Langley, Late March 1986

Sometime in early March, the CIA chief in Bonn sent a cable by special courier to Langley. A letter dropped anonymously into the mailbox of a Bonn case officer had informed him that KGB officer Gennady Varennik had been uncovered as a CIA agent. To establish his bona fides, the letter’s author gave the name of Varennik’s CIA handler, Chuck Leven, and promised to reveal why and how Varennik had been caught. Further details would be made available to the CIA if a package containing $50,000 was placed in a dead drop site in East Berlin, the letter writer said. The money should be cached in waterproof packaging and left under a particular flagstone on a walking path. Instructions were all carefully detailed in the letter. Finally, the author asked that a signal be transmitted on an HF frequency from the American embassy’s backup transmitter. That signal would confirm receipt of the letter and that it was being acted upon.

The letter sent a shock through the leadership of SE Division, in part because it offered ammunition to support all of the major theories then in play about the cause of the lost agents. The statement that Gennady Varennik had been compromised was a confirmation of what was already known, but the promise of details was enough to encourage the CIA to agree to the letter writer’s conditions. There was a debate about whether the letter was a KGB ruse, but no one counseled against going along with the writer’s demands.

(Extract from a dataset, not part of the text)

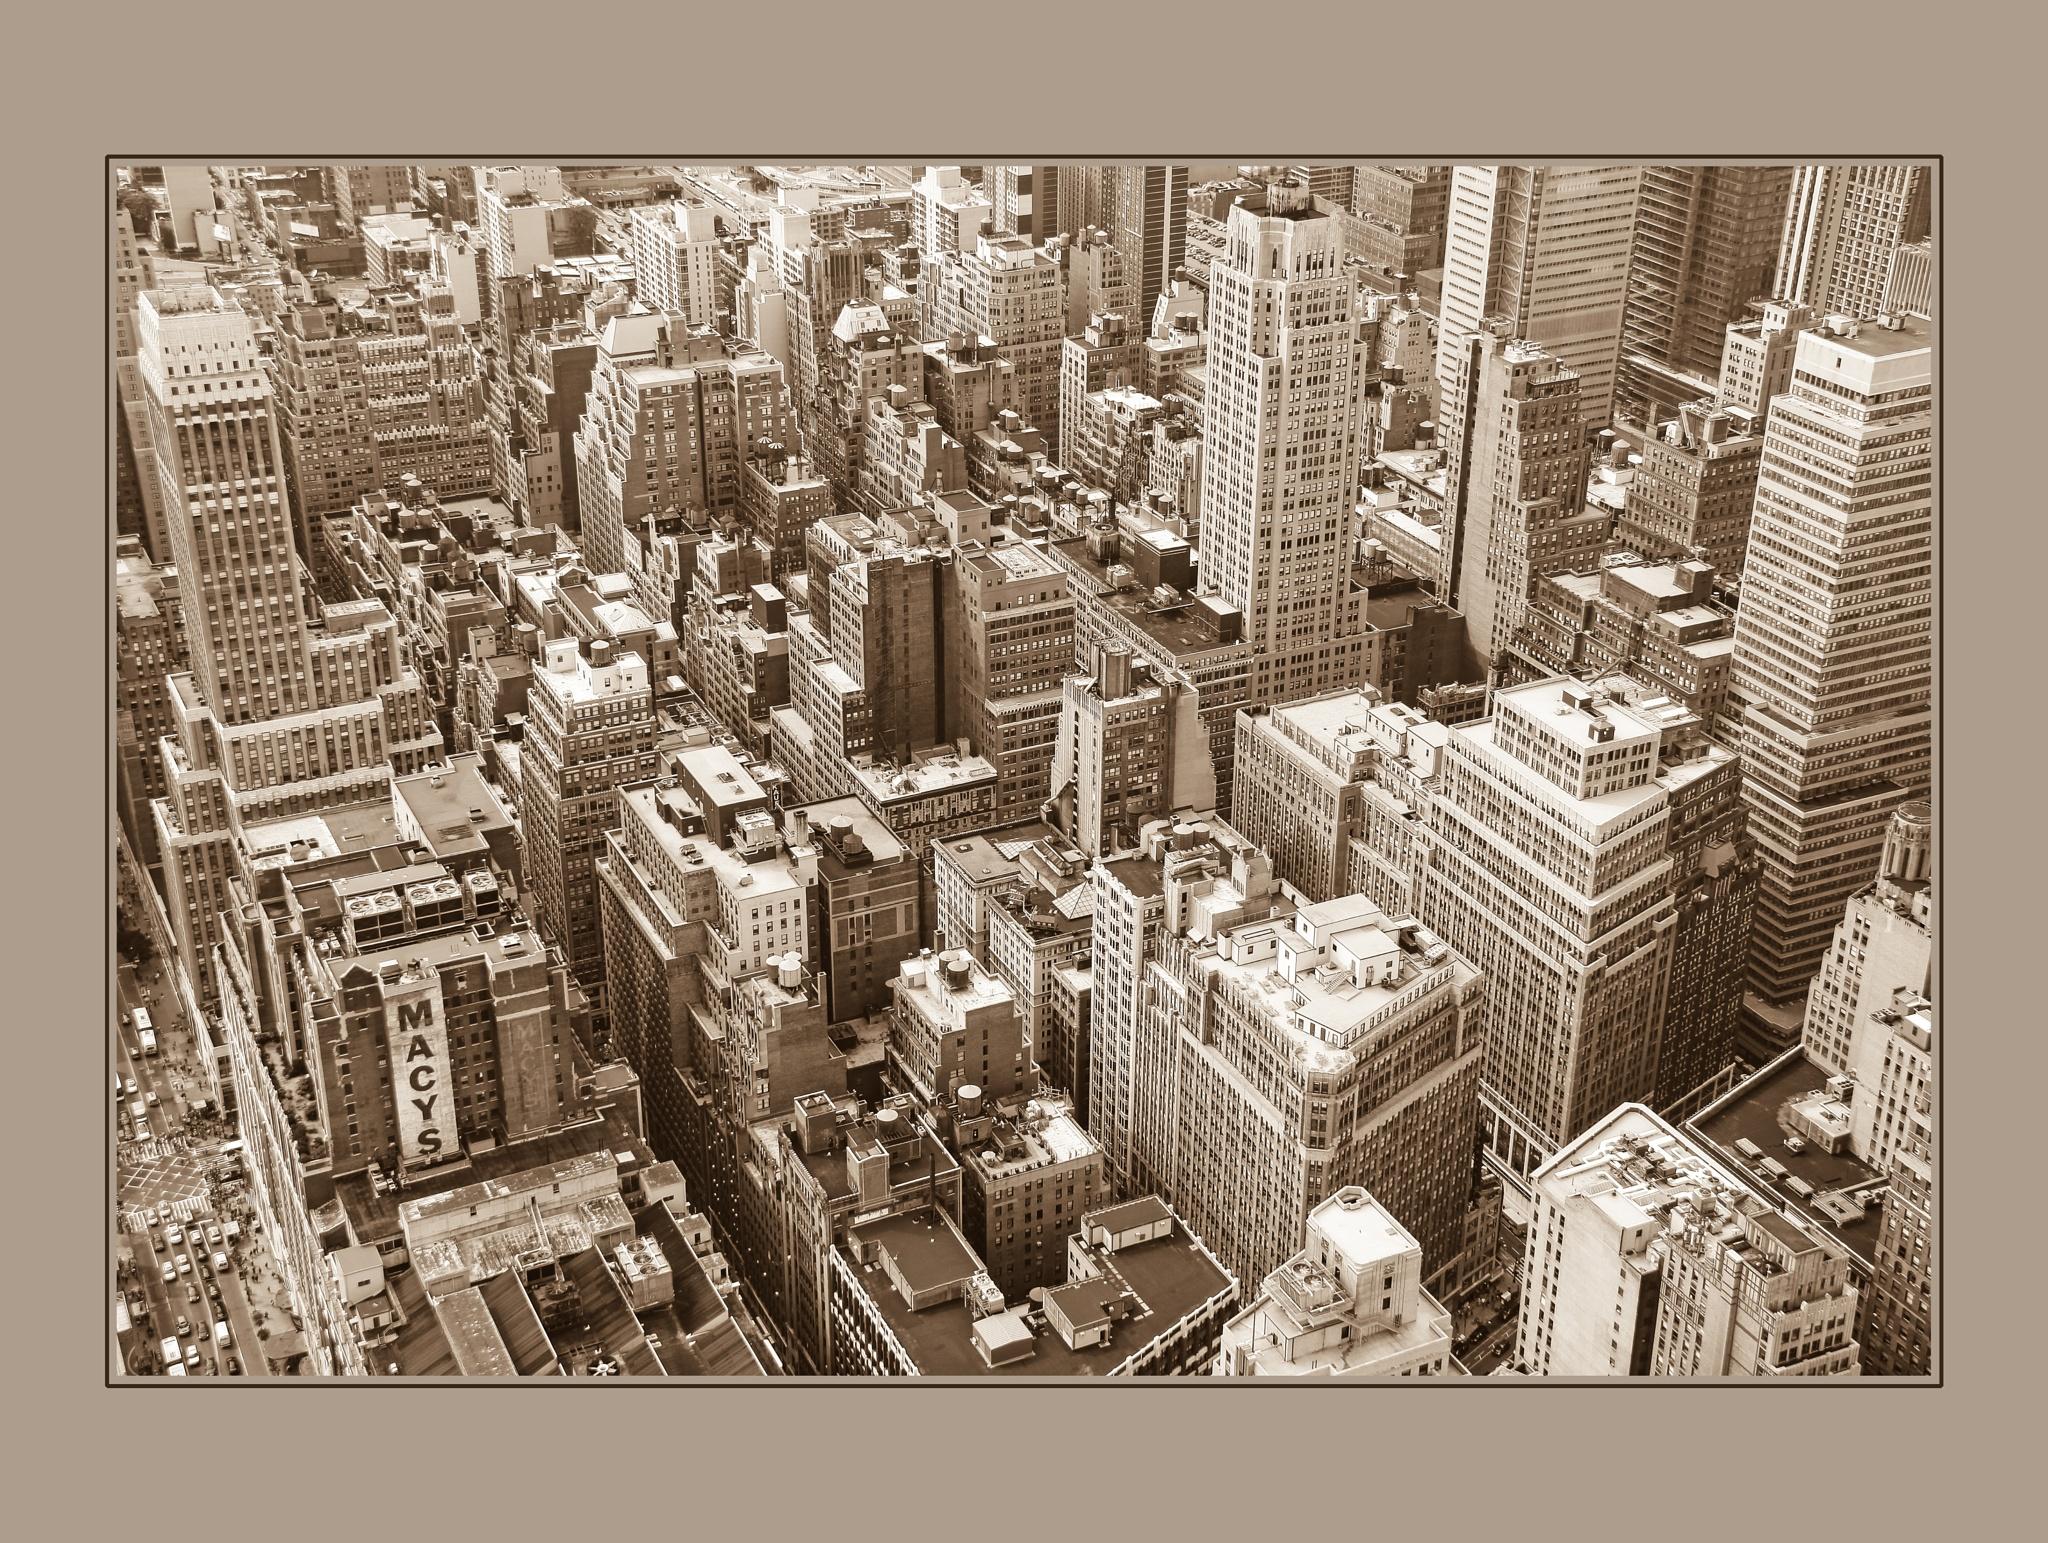 NY by Christoph Reiter

Bonn was instructed to make the broadcast, and East Berlin was authorized to make the drop of $50,000 in a park. Some in SE Division were puzzled by the coincidence that the operation was taking place in East Berlin. An operational backwater because of its smothering Stasi surveillance, East Berlin was beginning to heat up.

It all began with the setup of the CIA chief in East Berlin, a female case officer who had previously served in Austria. A Hungarian contact had invited her to dinner at a quiet East Berlin restaurant, but they were quickly joined at their table by a Soviet with a heavy briefcase. The Hungarian politely excused himself on cue, leaving the field to the Soviet, whose intentions became clear immediately.

Unloading a videocassette player from his briefcase, the Soviet, a senior KGB American targets officer, explained to the East Berlin chief that he had prepared a little video story of the last several years of her career. He switched on the machine and turned the screen to face his quarry, while the KGB production of This Is Your Life rolled across the screen.

There were outside shots of her apartment in Vienna, along with recordings of conversations that seemed to have been picked up by KGB microphones planted in her walls. The Vienna story line bluntly suggested that the conversations captured by KGB microphones in her apartment had led directly to the compromise of CIA operations in Austria. This would all be bad for her career, would it not?

As the television drama cut to East Berlin, the scripting became more provocative. More candid shots followed, obviously taken by concealed Stasi cameras shooting through pinholes in her apartment walls and ceiling. These were accompanied by similar shots of at least one of her fellow East Berlin officers, also female, dramatically fading to black. As the KGB officer added his own narrative voice-over to the video, he began to insinuate that the unmarried East Berlin chief might be involved in a lesbian relationship, something she would certainly not want known in Langley. As the tape played out and the KGB officer switched it off and stowed away his player, he turned to the CIA chief and made his pitch. She could come across and assist the KGB, or she would soon begin to suffer the consequences of all her “mistakes.”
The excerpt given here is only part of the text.